It'll probably take me 2hrs to take all the crap Ive mounted on the handlebars off before even getting to the good stuff :lol:

As always, thank you gentlemen!
 
Another 16 months have gone by and my bike is still sitting. I'm determined to get this done this winter, starting next month.

I need help identifying all the parts I'll need to replace. I want to be thorough and replace all wear parts so i only have to do this once. I want to install new springs to eliminate the air shocks but I'm not sure what to get. Any guidance on that?

Obviously all seals, but when I look at the parts list linked above, a few are unavailable. Does anyone have a PN cross reference that identifies other sources for those parts?

Also, i need to replace the head/stem bearings. They're severely flat spotted, but not sure what all i need to replace for those?

Would really appreciate compiling a parts list so I can order them asap so I can have everything i need to get it done next month.

As always, thank you!
 
For the forks, I would start by identifying your particular bike year/model for the wear parts you need (seals/orings, etc.) on a site like partshark.com. Buy from them or at least identify the part numbers if NLA so you can look on E-bay or elsewhere. You want to use OEM/NOS whenever possible. If you're going to replace the springs with straight-rate springs, like Sonic, and a spacer, you may want to seek the guidance of RichDesmond, former owner of the company. Super smart with this stuff, and I know he's helped others get what they need.
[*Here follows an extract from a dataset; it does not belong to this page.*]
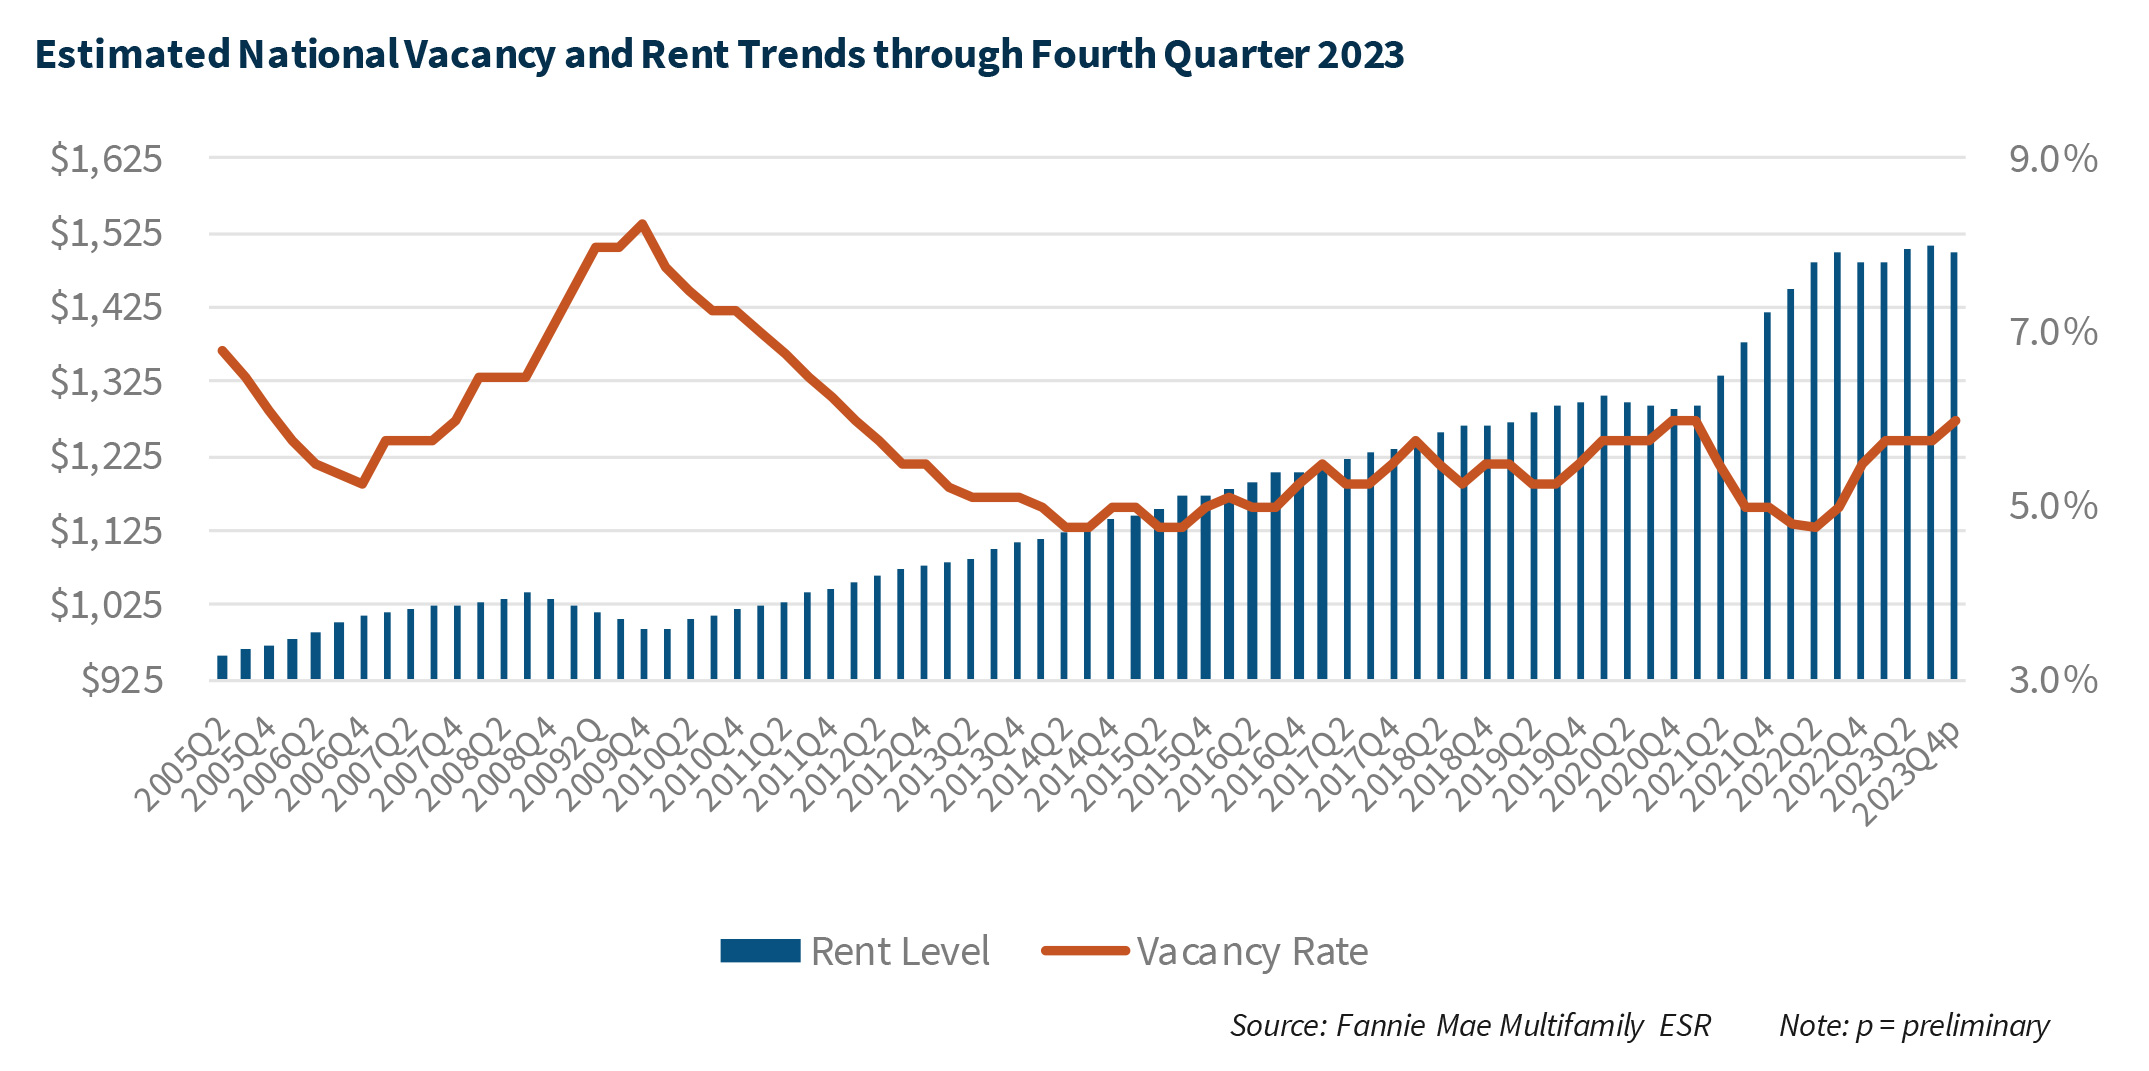 Estimated National Vacancy and Rent Trends through Fourth Quarter 2023

Sorry, no help on the stem bearings. That's one job I haven't had to to (yet?). But I look forward to seeing how it goes with you.
 
I performed a full disassembly and rebuild, and I'd recommend planning for a full Saturday for your first time (and if you don't need any parts that you can't get locally). I think 2-4 hours is realistic to just do the seals, once you know what you're doing. I must have damaged the seal when I put it back because it's leaking again. Or maybe I have a dinged-up fork tube, but I can't see any issues. Gonna try the plastic scooper doodad next.